Conclusions
Allicin activates OS immunoreactivity and induces apoptosis through the CBR3-AS1/miR-145-5p/GRP78 molecular axis.
Methods
The human OS cell line Saos-2 was treated with allicin at 25, 50, and 100 μmol/L, respectively, to observe changes in cell biological behaviors. Subsequently, CBR3-AS1 abnormal expression vectors were constructed and transfected into Saos-2 to discuss their influence on OS. Furthermore, the regulatory relationship between allicin and the CBR3-AS1/miR-145-5p/GRP78 axis was validated by rescue experiments. Finally, a nude mice tumorigenesis experiment was carried out to analyze the effects of allicin and CBR3-AS1/miR-145-5p/GRP78 axis on the growth of living tumors.
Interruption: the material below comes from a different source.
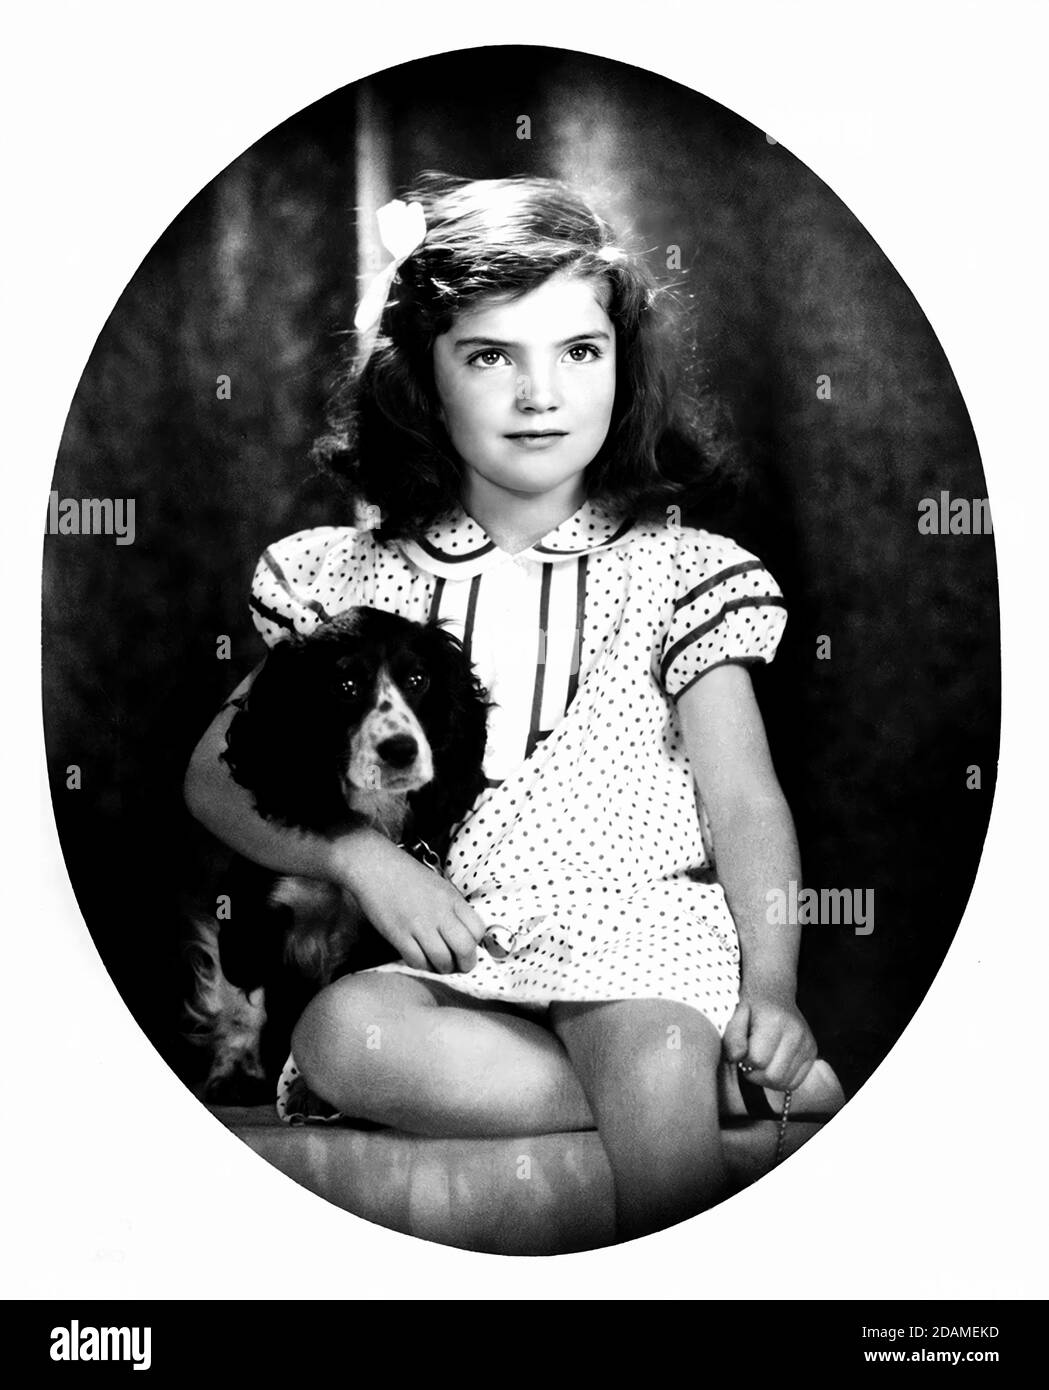 1935 , USA : JACQUELINE Lee BOUVIER ( JACKIE O , 1929 - 1994 ), als war ein kleines reiches Mädchen im Alter von 6 . Später verheiratet mit dem Präsidenten der Vereinigten Staaten John Fitzgerald KENNEDY (1917 - 1963) im Jahr 1961 und im Jahr 1968 mit reichen Aristotele ONASSIS ( 1906 - 1975). Foto von David Berne . - JFK - J.F.K. - FIRST LADY - Presidente degli Stati Uniti d'America - KIND - KINDER - KINDHEIT - INFANZIA - bambino - Bambina - Bambini - Persönlichkeiten Persönlichkeit als jung war - personalità da giovani giovane - Hund - Cocker - Stock - Haustier - animale domestico --- ARCHIVIO GBB Stockfoto

Alterations in T-lymphocyte subsets were also detected to assess the effect of allicin on OS immunoreactivity.
Objective
To analyze the effect of allicin on the immunoreactivity of osteosarcoma (OS) cells and further explore whether its mechanism is related to the long non-coding Ribonucleic Acid (lncRNA) CBR3-AS1/miR-145-5p/GRP78 axis, so as to provide clinical evidence.
Results
With the increase of allicin concentration, Saos-2 activity decreased and apoptosis increased (P < 0.05). In addition, the expression of CBR3-AS1 and GRP78 decreased after allicin intervention, while miR-145-5p increased (P < 0.05). Silencing CBR3-AS1 led to reduced Saos-2 activity, enhanced apoptosis, and activated mitophagy and endoplasmic reticulum stress (P < 0.05). In the rescue experiment, the effect of CBR3-AS1 on OS cells was reversed by silencing miR-145-5p, while the impact of miR-145-5p was reversed by GRP78. Finally, the tumorigenesis experiment in nude mice confirmed the regulatory effects of allicin and CBR3-AS1/miR-145-5p/GRP78 on tumor growth in vivo. Meanwhile, it was seen that allicin activated CD4+CD8+ in OS mice, confirming that allicin has the effect of activating OS immunoreactivity. Conclusions: Allicin activates OS immunoreactivity and induces apoptosis through the CBR3-AS1/miR-145-5p/GRP78 molecular axis.